**AIM OF THE TASK**: Omit any pictures, and restate word for word only the lines from the one with "Goodbye 30 Rock" through the end of the data below.

**DATASET EXCERPT**:
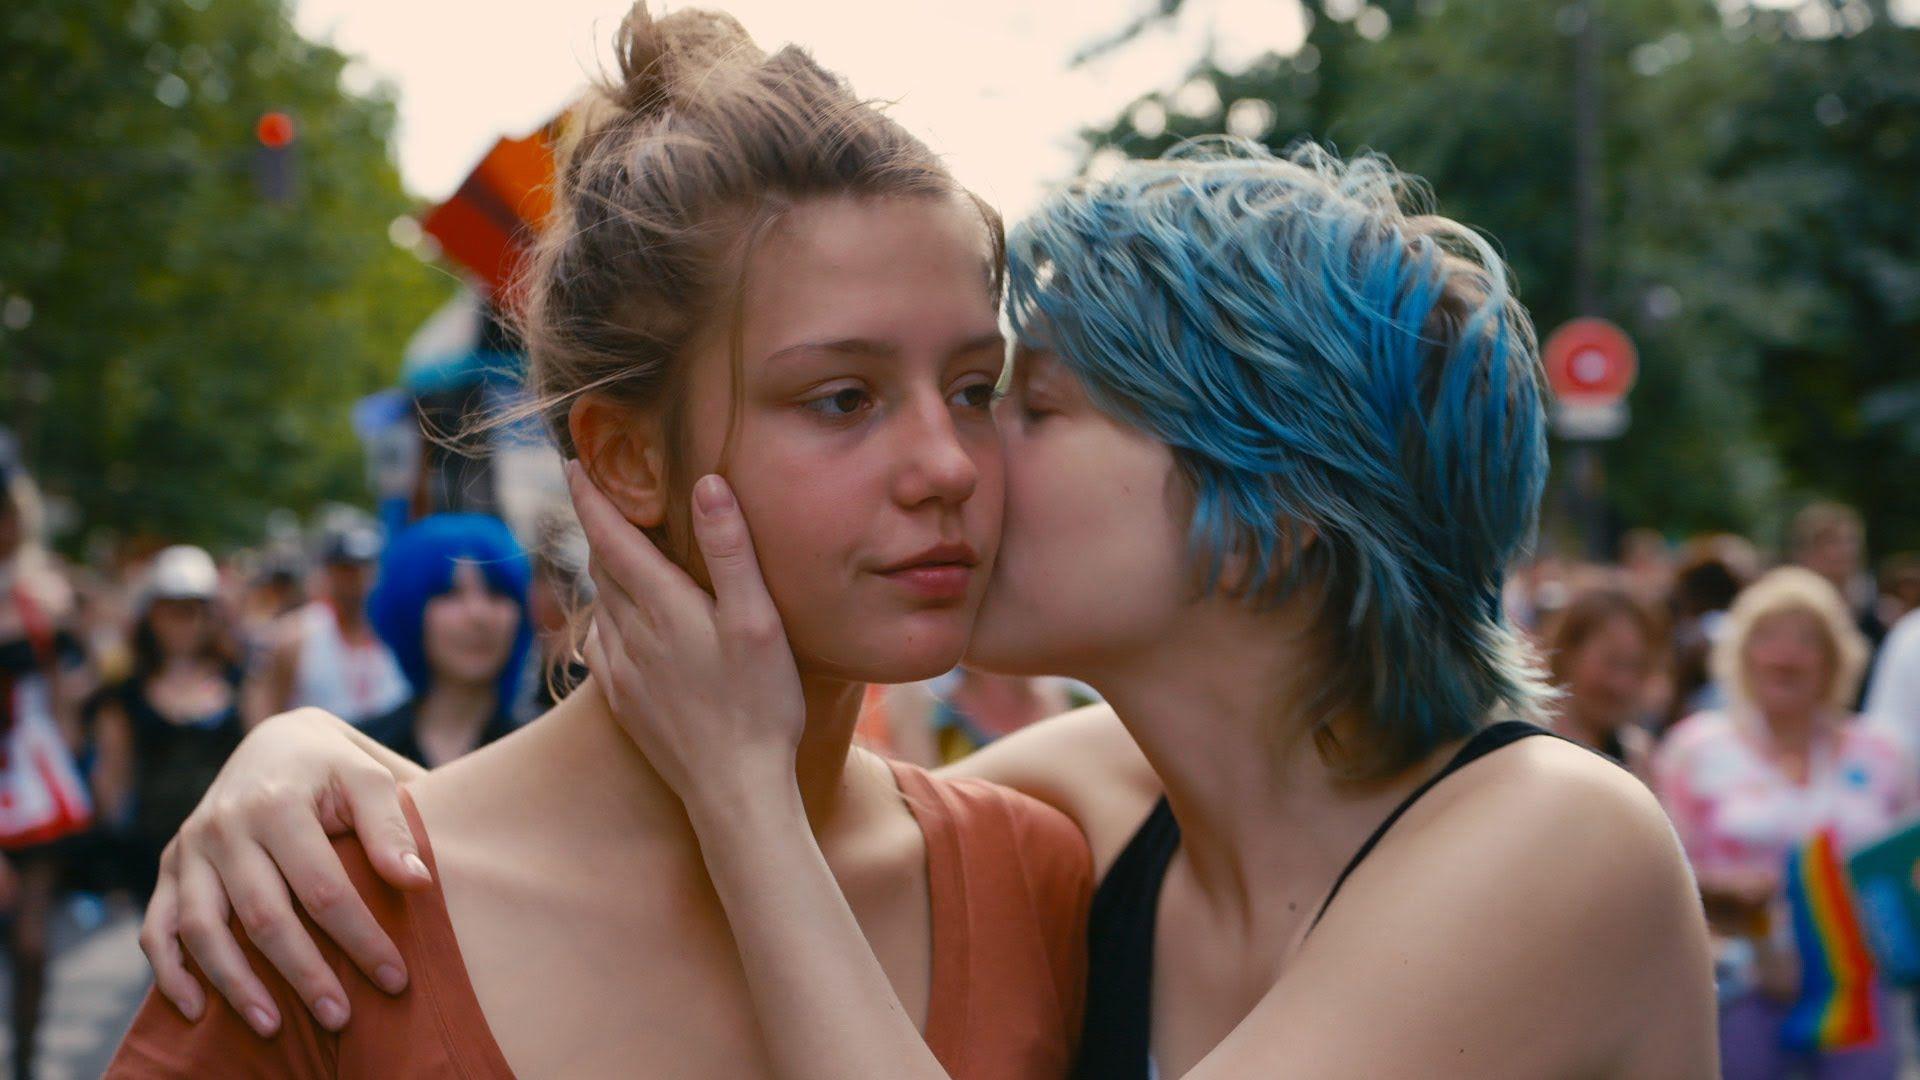 Lesbian pop culture web sites
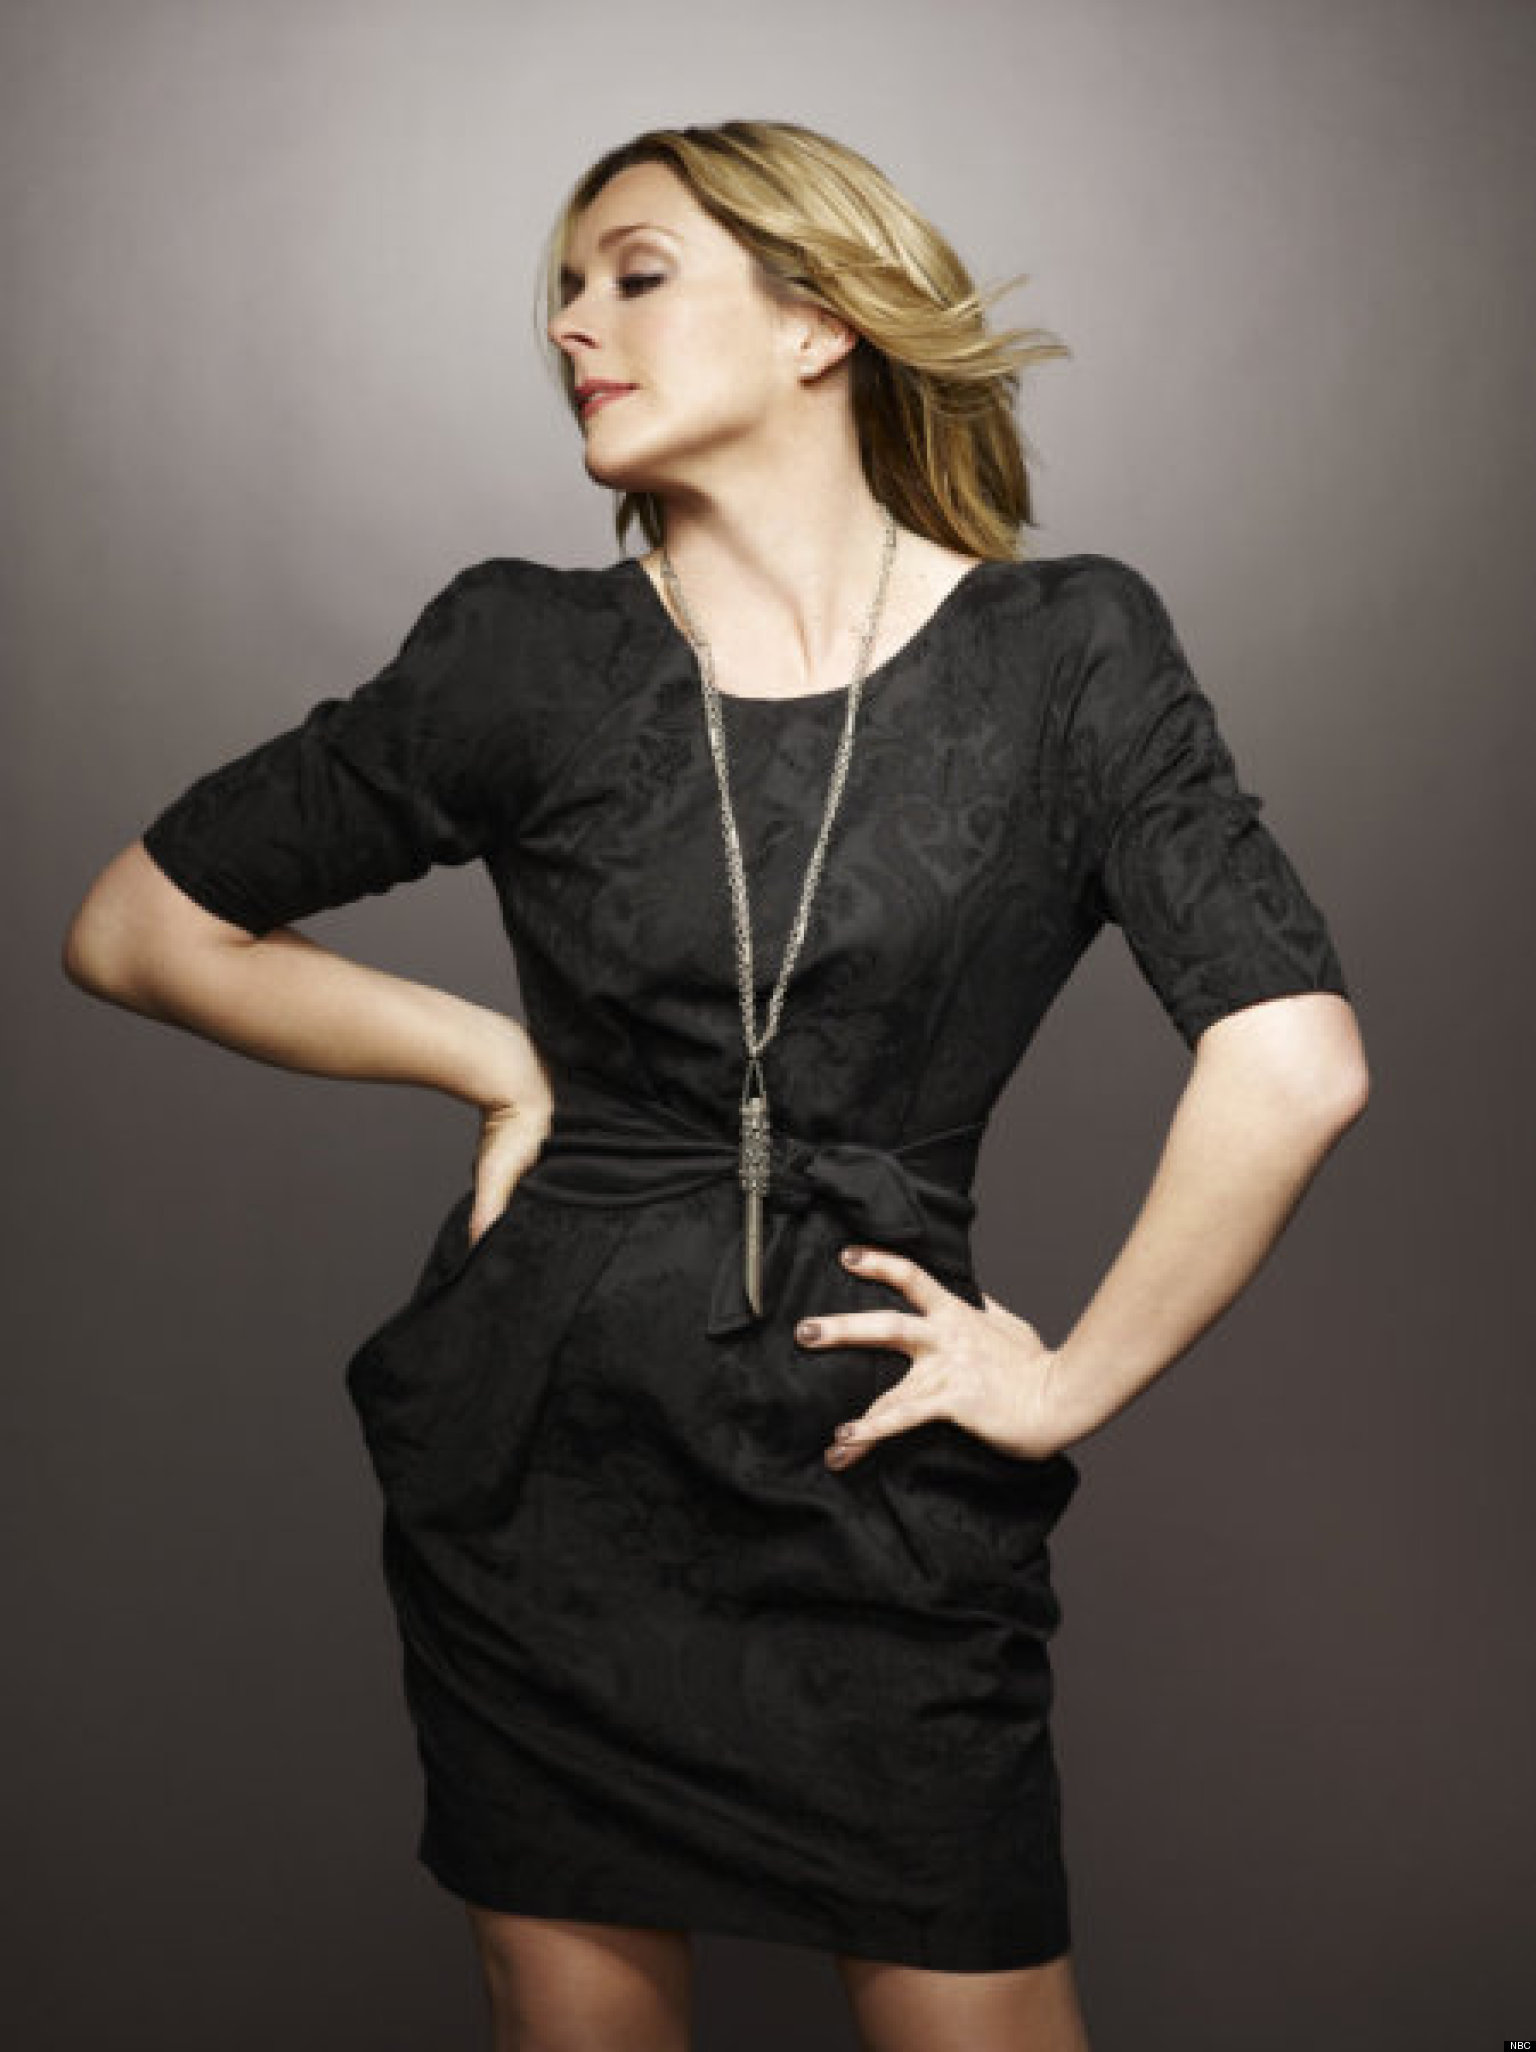 Goodbye 30 Rock Part 2: The Best Jenna Maroney Songs
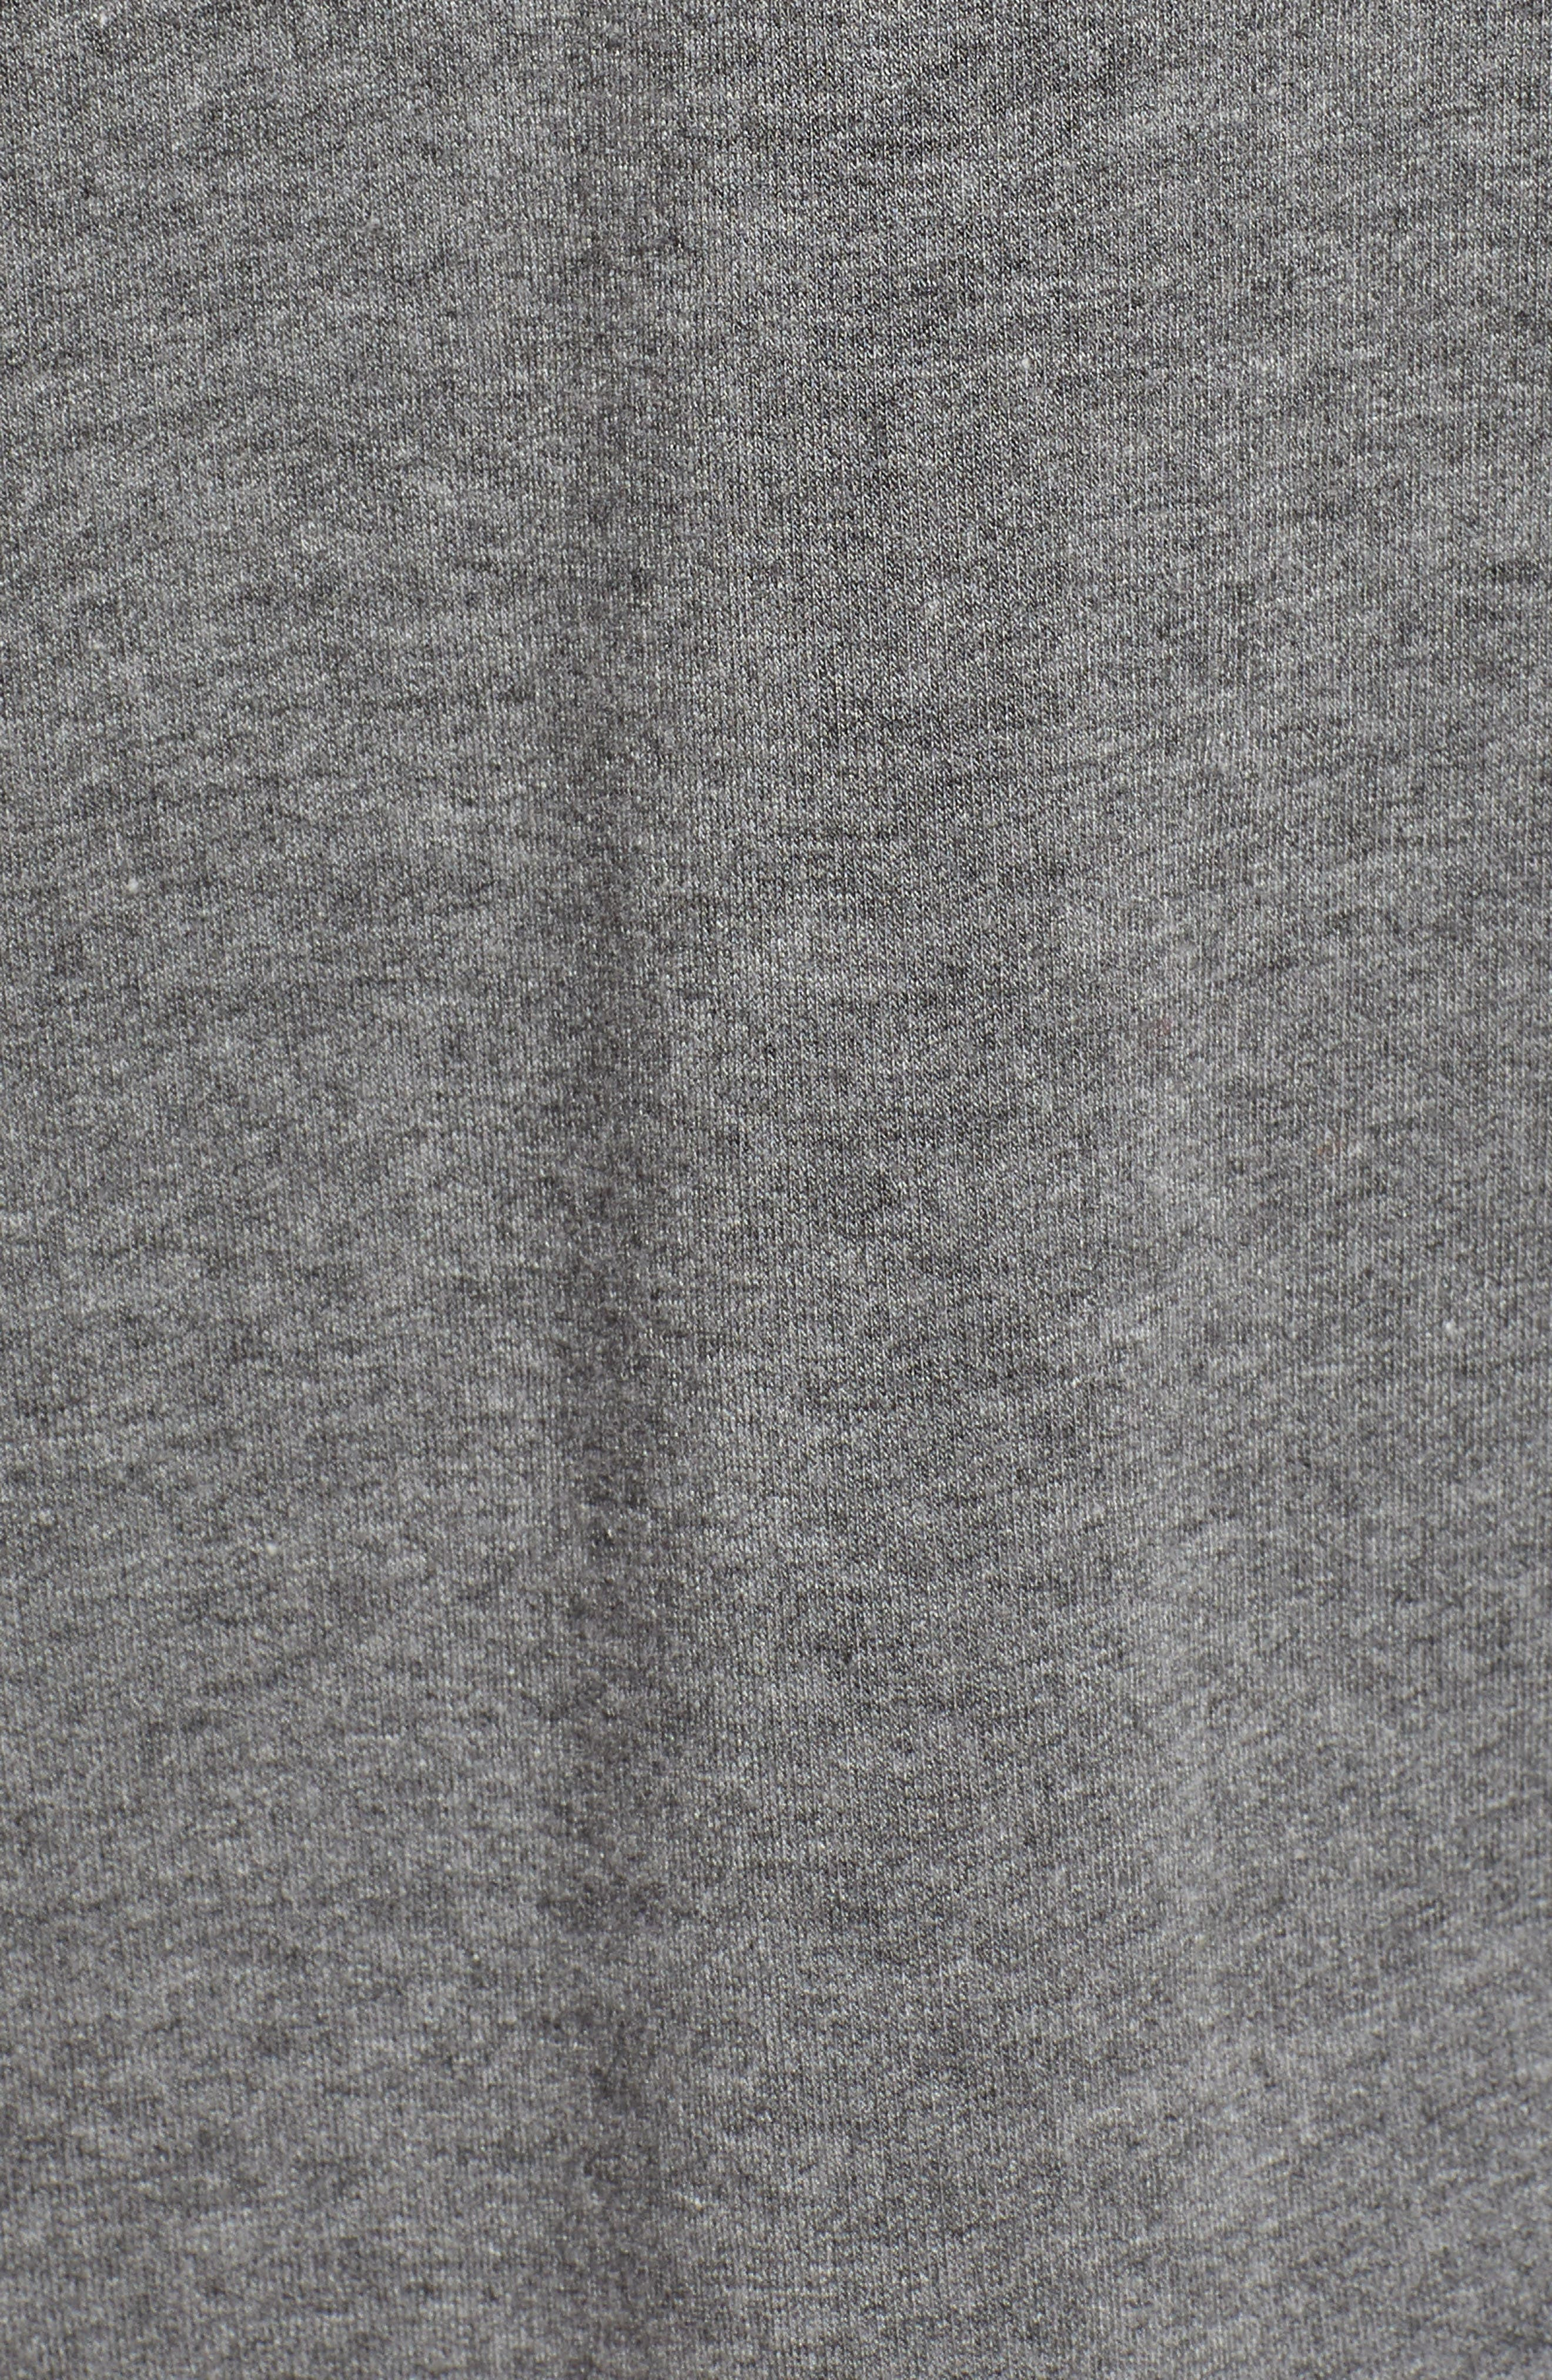 Athleisure Stripe Detail Sweatshirt,                             Alternate thumbnail 5, color,                             024

**THE ANSWER**:
 Goodbye 30 Rock Part 2: The Best Jenna Maroney Songs
 Athleisure Stripe Detail Sweatshirt,                             Alternate thumbnail 5, color,                             024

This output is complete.